Let’s talk about time management and why we never seem to have enough time.

When you often run out of time, with a never-ending to-do list, it may not be because you are bad at time management or because you need to get better at your job.

If running late, responding to patient and time demands and the stress that goes with this pressure are a concern for you, I can tell you that learning how to be more organised, structure your day better or upskilling with more professional development isn’t likely to make too much of difference.

This is because the problem isn’t the clock or your lack of skills.  The issue is the pattern of beliefs and emotional and physical responding that automatically is activated when caring for someone else.  Let me share an example with you. 

A familiar patient arrives, who, you know from experience, is too complex for their appointment time.  You feel tension between the clock and meeting the patient’s needs.  Doing a good job trumps, because you care and there just aren’t any other services available to do it.  You spend a little extra time with the patient, rationalising with yourself that shortening your break will help you catch up. But of course, this takes a toll on your time and energy resources.

At some level, you know that getting more skills isn’t the answer.  However, when there is a niggling sense that you should be doing more and you need to step up because there are no other options, it is useful to consider whether your habit of running over time is driven by underlying patterns of self-sacrifice. 

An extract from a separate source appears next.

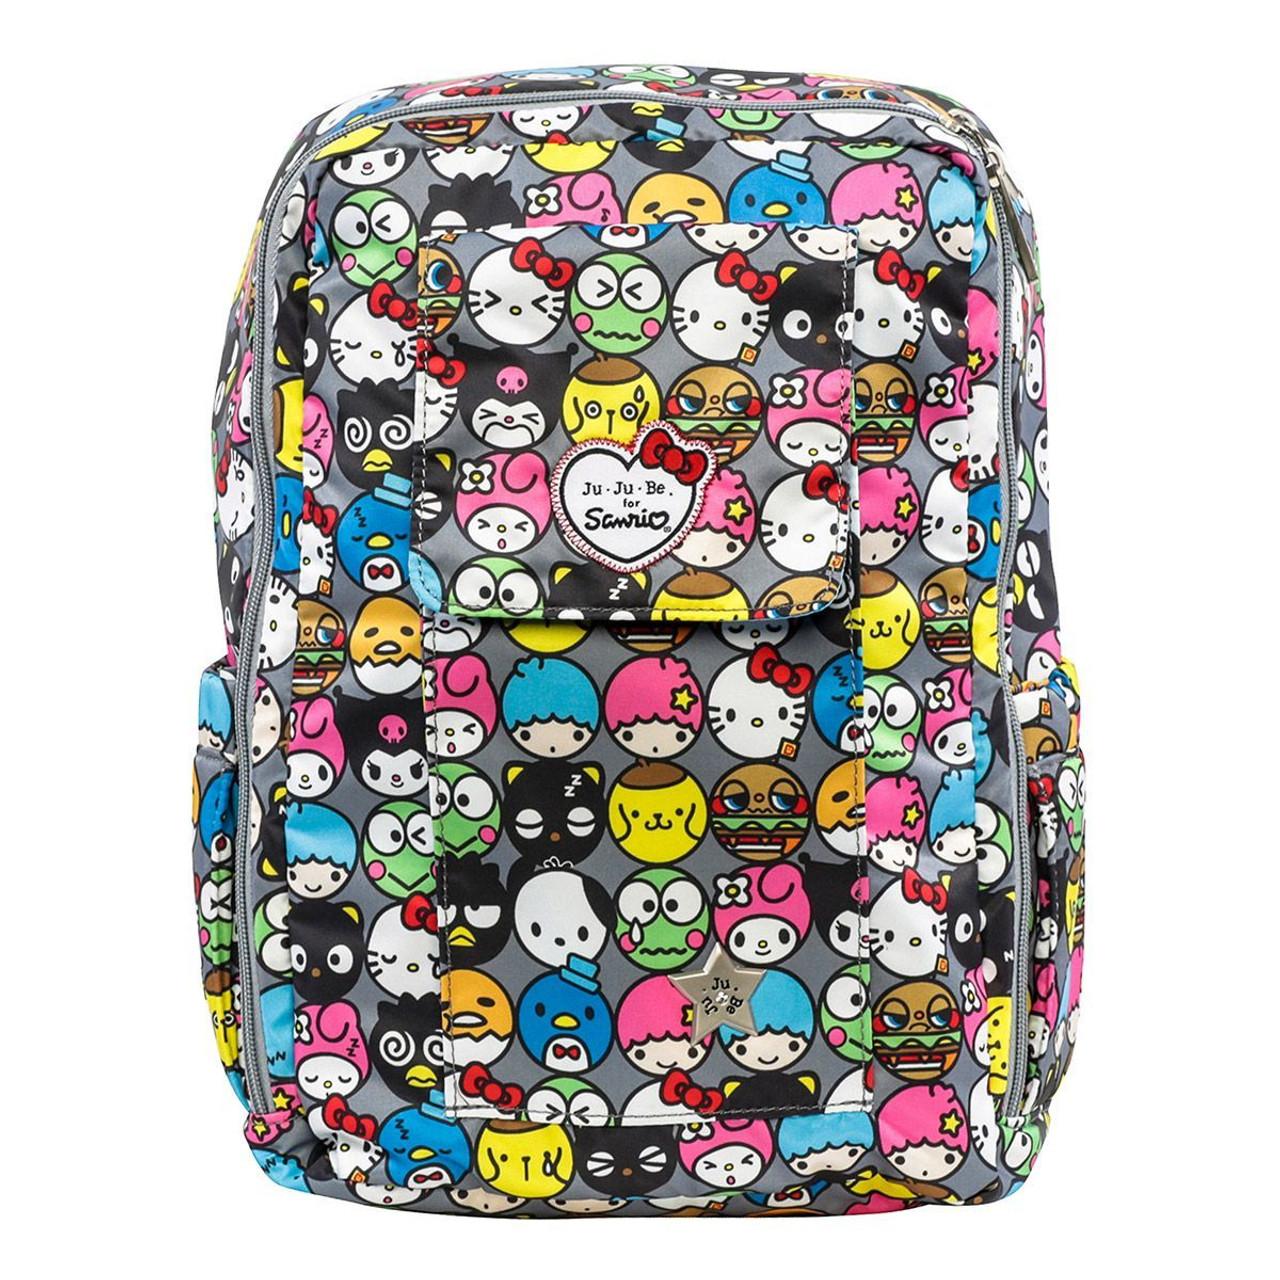 Ju-Ju-Be Sanrio Hello Kitty Mini Be Hello Friends Mini Book Bag  14BP02HK-HFR - Fearless Apparel 2c89fe0612daf

Logically, I’m sure you know that you can’t fill the gap of insufficient mental health services, and maybe, you even remind yourself of this.  But what I know is that you can’t always CBT your self out of the pattern of being overly responsible.  This is because being successful in your role, respected by peers, liked by patients, has been driven by long term emotional and bodily imperatives (as well as cognitive rules) of how we need to be when caring for someone else.

When you have the self-sacrifice schema you tend to put other people’s needs before your own most of the time.  Doesn’t sound like a bad thing for a GP to do, but the self-sacrificing schema causes us to ignore and suppress our own feelings and needs.  And if you do this habitually, it leads to a build-up of unexpressed stress and resentment – two key risk factors for burnout.

Healing from the self-sacrifice schema is a necessary, important component for sustainable practices at work.  It involves shifting your source of worth coming from what you do for your others to recognising and valuing your own needs and intrinsic value and prioritising this.  I know that the very thought of this can make some doctors feel uncomfortable! 

And, of course that makes sense – health systems often run on health professionals who feel overly responsible and give of themselves to fill the gap. The thing is, liberating yourself from self-sacrificing patterns doesn’t make you selfish, nor does it mean that the health service falls apart. What is does mean is that your practice becomes more sustainable, because your value and nourish your needs. And everyone ultimately benefits from that!